The Dawning of a New Era
by Alice Jamba, VP of Clinical Services, Advanced Medical Strategies
On August 30, 2017, the FDA granted US approval to Kymriah (tisagenlecleucel), the first therapy based on gene transfer. Engineered chimeric antigen receptor T cell (CAR-T) treatment technology is designed to harness the power of a patient’s own immune system to effectively target and kill cancer cells. Approved to treat B-cell refractory/relapse Acute Lymphoid Leukemia* (ALL), Kymriah is an innovative immunocellular therapy produced by pharmaceutical company Novartis. For some patients with resistant disease Kymriah could prove to be a last hope, life-saving therapy. FDA commissioner Scott Gottlieb has said the medical community is “entering a new frontier in medical innovation with the ability to reprogram a patient’s own cells to attack a deadly cancer.”
How it works: T cells are critical to the immune system’s ability to detect and kill cancer cells. However, the immune system is unable to kill cancer cells when tumor-specific T cells are deficient in number, unable to function properly, or fail to recognize cancer as foreign to the body. Kymriah is made of re-engineered T cells collected from each patient. A blood sample is taken, frozen, and forwarded to Novartis. It takes 3-4 weeks to manufacture Kymriah, which will then be re-infused into the patient.

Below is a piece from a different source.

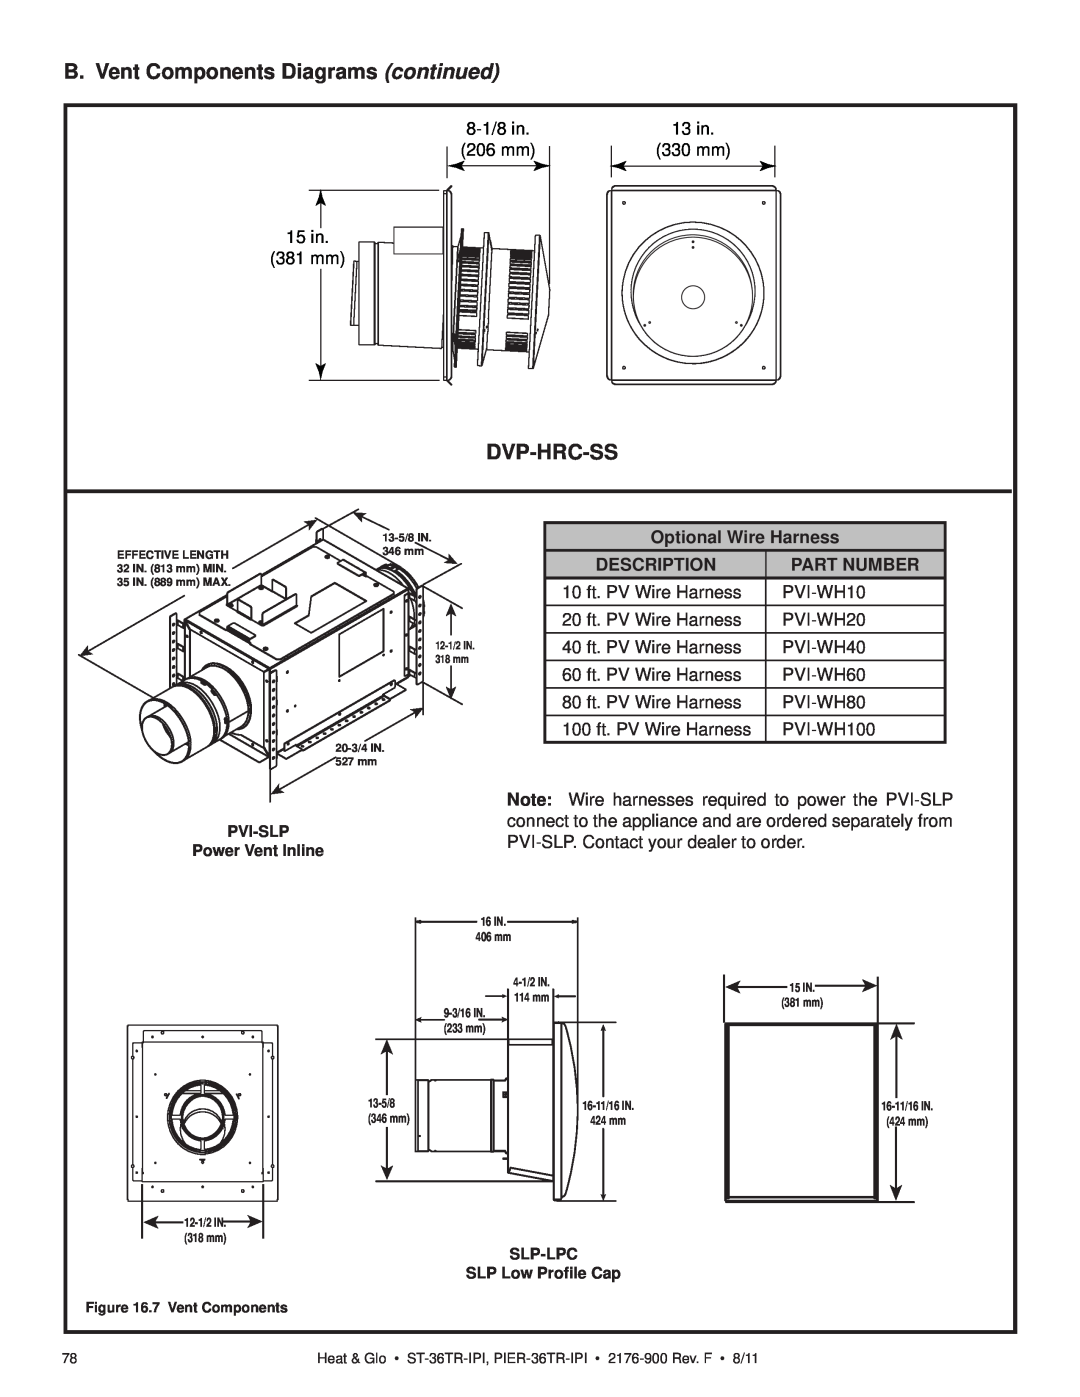 Heat & Glo LifeStyle ST-36TRLP-IPI Dvp-Hrc-Ss, B. Vent Components Diagrams continued, Optional Wire Harness, Description 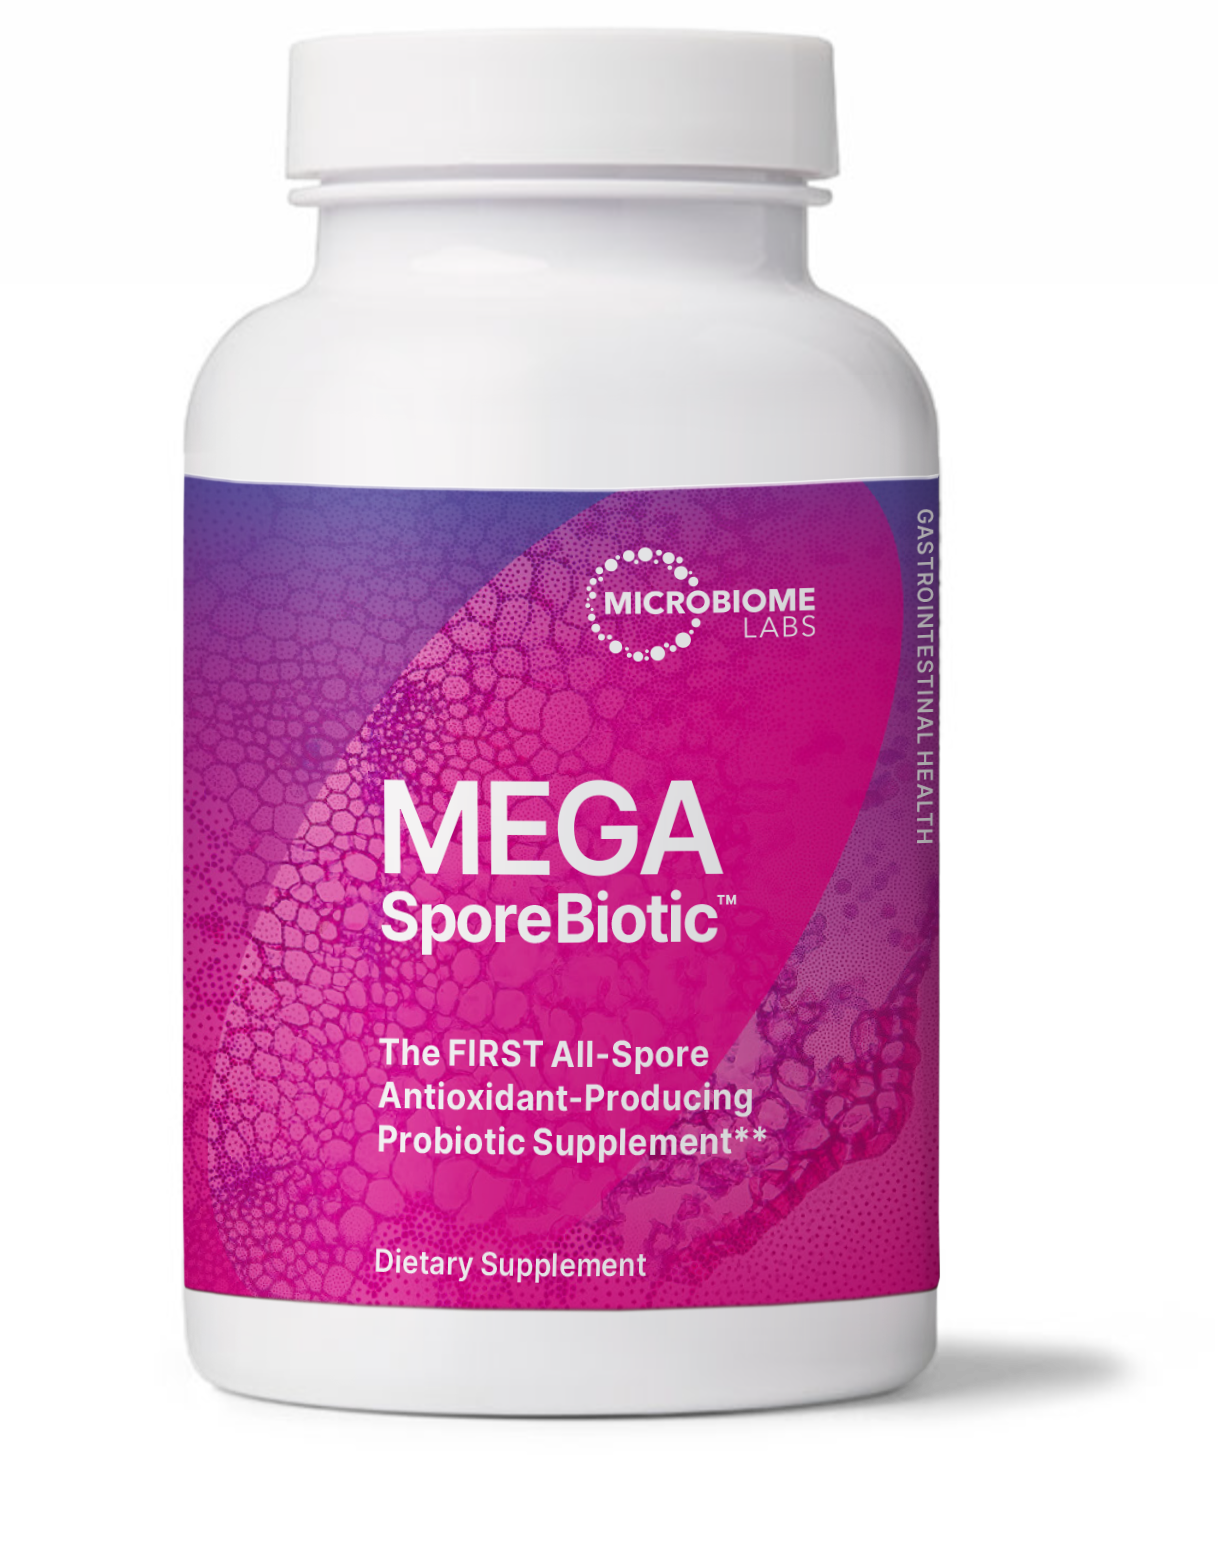 MegaSporeBiotic by Microbiome Labs spore based blend of 5 Bacillus spores

Collect patient’s white blood cells
Isolate and activate T cells
Grow and expand number of T cells
Infuse patient with engineered T cells
Novartis has stated that it designed a manufacturing and supply chain platform that can allow for individualized treatments on a global scale. Currently, there are 20 administration locations in the US prepared to deliver therapy. By the end of 2017, there is expected to be 32 centers in total.
Qualification for treatment: For use in children and young adult patients under age 25 years with refractory disease or have relapsed at least twice. Patients meeting criteria will have likely received multi-modality treatment including chemotherapy, radiation, targeted therapy or stem cell transplant. Less than 10% of these patients survive 5 years.
Treatment initiation: The expectation is that the harvesting of T cells will begin within days of approval. (Carriers will likely receive requests with claims in the immediate future.)
Pre-Treatment: Pre-medicate with lymphodepleting chemotherapy regimen of Fludara and Cytoxan.
Dosing: Kymriah is a one-time only therapy. Dosing is weight based using a 2-tiered method. It is given 2-14 days after completion of Fludara/Cytoxan regimen. Kymriah is administered through a routine intravenous line—it takes about one hour. Please refer to PredictRx for the specific dosing regimen.
Post-Treatment/Complications: The patient needs to be within 2 hours of the administering facility for at least 4 weeks post infusion. The most common adverse reactions are cytokine release syndrome** (CRS), low gamma globulin, infections-pathogen unspecified, fever, decreased appetite, headache, encephalopathy, low blood pressure bleeding episodes, fast heart rate, nausea, diarrhea, vomiting, viral infectious disorders, low oxygen level, fatigue, acute kidney injury and delirium.
Pricing: The Wholesale Acquisition Cost (WAC) for Kymriah is $475,000 for a one-time treatment. Novartis says it will only collect payments from CMS when patients respond to treatment by the end of the first month.
Novartis plans additional filings for Kymriah in the US and EU later this year, including applications with the FDA and European Medicines Agency (EMA), for the treatment of adult patients with refractory or relapsed diffuse large B-cell lymphoma (DLBCL). Additional filings beyond the US and EU are anticipated in 2018.
*ALL: Acute Lymphocytic/Lymphoblastic Leukemia is a cancer of the lymphocytes, a type of white blood cell involved in the body’s immune system. Abnormal cells crowd other cells in the bone marrow, preventing the production of red blood cells (which carry oxygen), other types of white blood cells and platelets (parts of the blood needed for clotting). As a result, those with ALL may be anemic, more likely to get infections and bruise or bleed easily. ALL comprises approximately 25% of cancer diagnoses among children under 15 years old and is the most common childhood cancer in the US—please consult PredictDx for more specifics of this, and all other, medical diagnoses.
**Cytokine release syndrome (CRS): 49% of patients treated with Kymriah experienced grade 3 or 4 CRS, an on-target effect of the treatment that may occur when the engineered cells become activated in the patient’s body. Actemra (tocilizumab) is approved to treat CAR T cell-induced CRS and should be readily available at time of infusion—please consult PredictRx for this, and all other, specific drug dosing regimens.